La chanson que vous préféreriez ne pas avoir enregistrée
C’est Vot’ti chien madame [1985]. Je n’ai jamais voulu la chanter, mais à l’époque des Partys [sa série d’albums festifs des années 1980], c’était beaucoup le producteur qui choisissait le répertoire. Et il avait bien choisi, parce que ç’a fait des gros, gros hits.
Extrait de Vot’ti chien madame
En spectacle, les gens crient encore Vot’ti chien madame et moi je réponds : « Ah, votre petit chien, madame, il est mort ! » [Rires] Je l’ai chantée il y a quelques semaines à En direct de l’univers pour Sophie Prégent et je lui ai dit : Je la chante pour toi et après, c’est fini.
La chanson que vous n’en pouvez plus de chanter
Souvent, les gens vont me demander : t’es pas tannée de chanter Paquetville ? Mais non ! Je l’ai chantée des milliers de fois et c’est toujours nouveau. Parce que je vois les gens taper des pieds, chanter avec moi. Et parce que dans Paquetville, je chante mon coin de pays, je chante mon village, je me chante moi.
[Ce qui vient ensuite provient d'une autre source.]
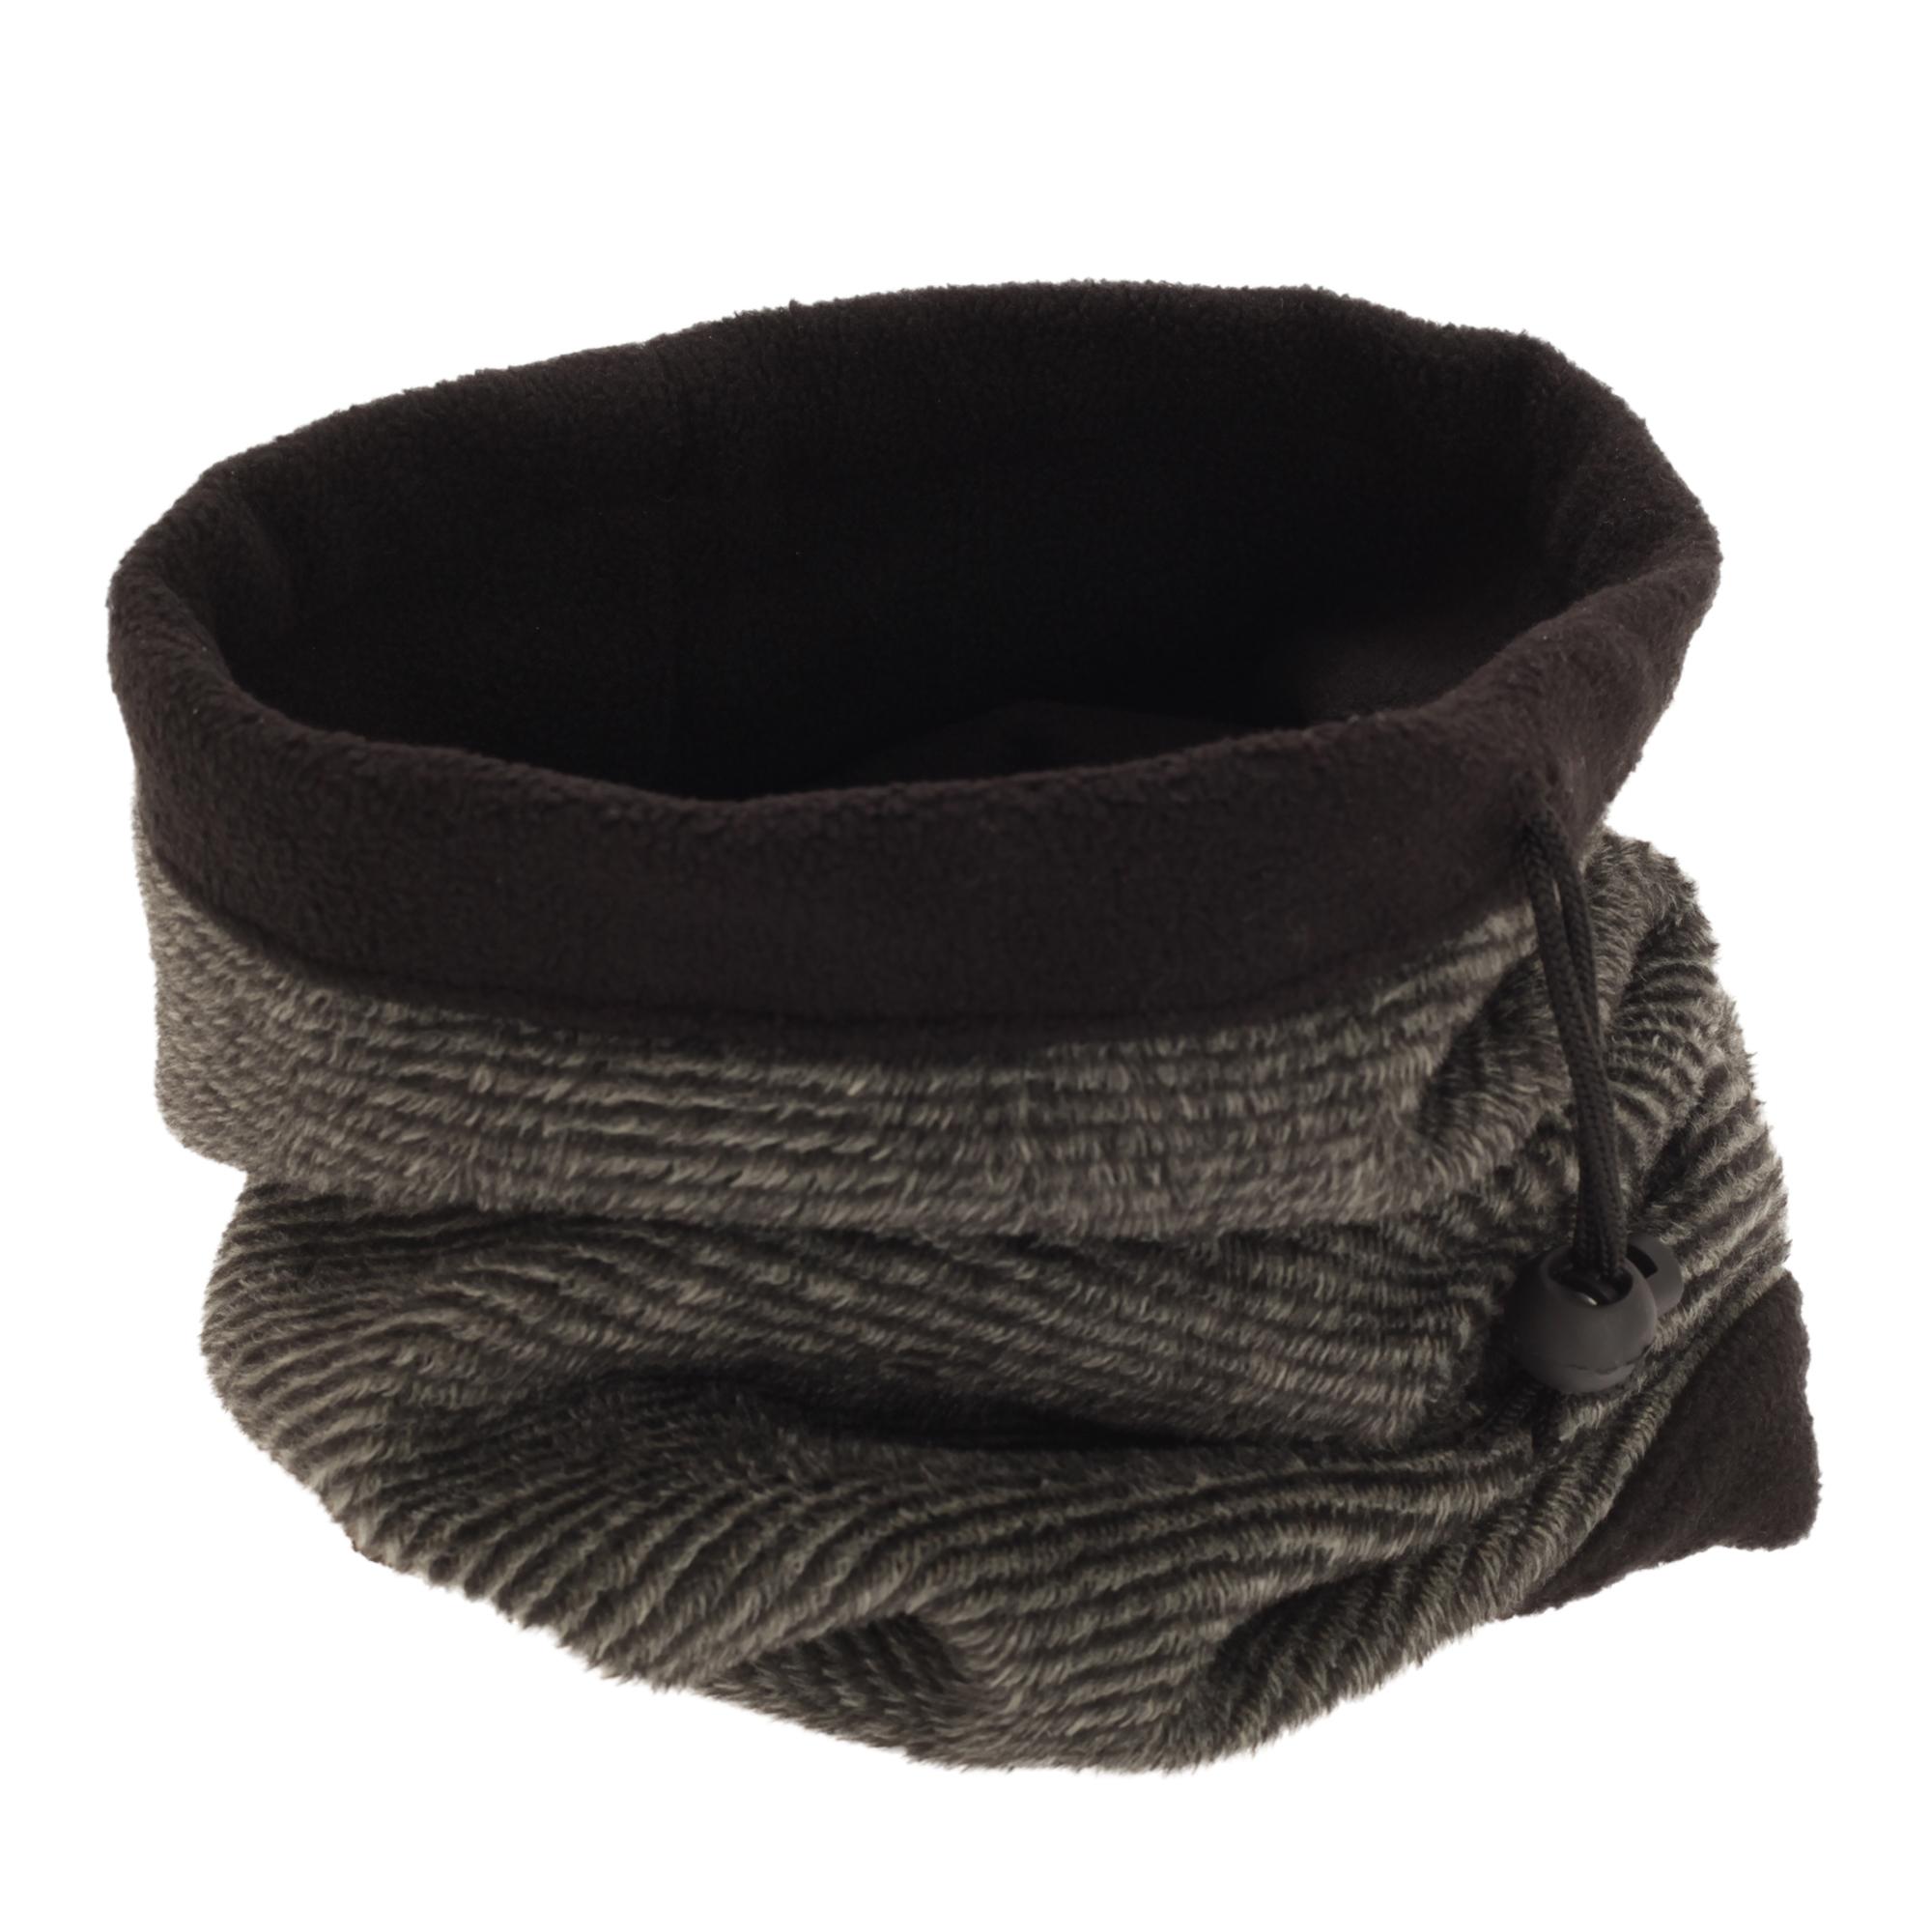 FLOSO Womens/Ladies Multipurpose Fleece Neckwarmer Snood / Hat (One Size) (Graphite)

Votre album méconnu préféré
C’est Madame Butlerfly [2003], un album que j’ai fait avec Catherine Lara, qui est un génie de l’orchestration. Les guitares ont été jouées par Sylvain Luc [grand guitariste français], qu’on a perdu en mars. Je ne sais pas pourquoi ça n’a pas marché.
Catherine Lara et moi, on s’est rencontrées en 1973, on avait la même compagnie de disques, on se retrouvait sur les mêmes plateaux de télé en France et ici. On est devenues amies et on ne s’est jamais lâchées. On s’était toujours dit qu’on ferait quelque chose ensemble.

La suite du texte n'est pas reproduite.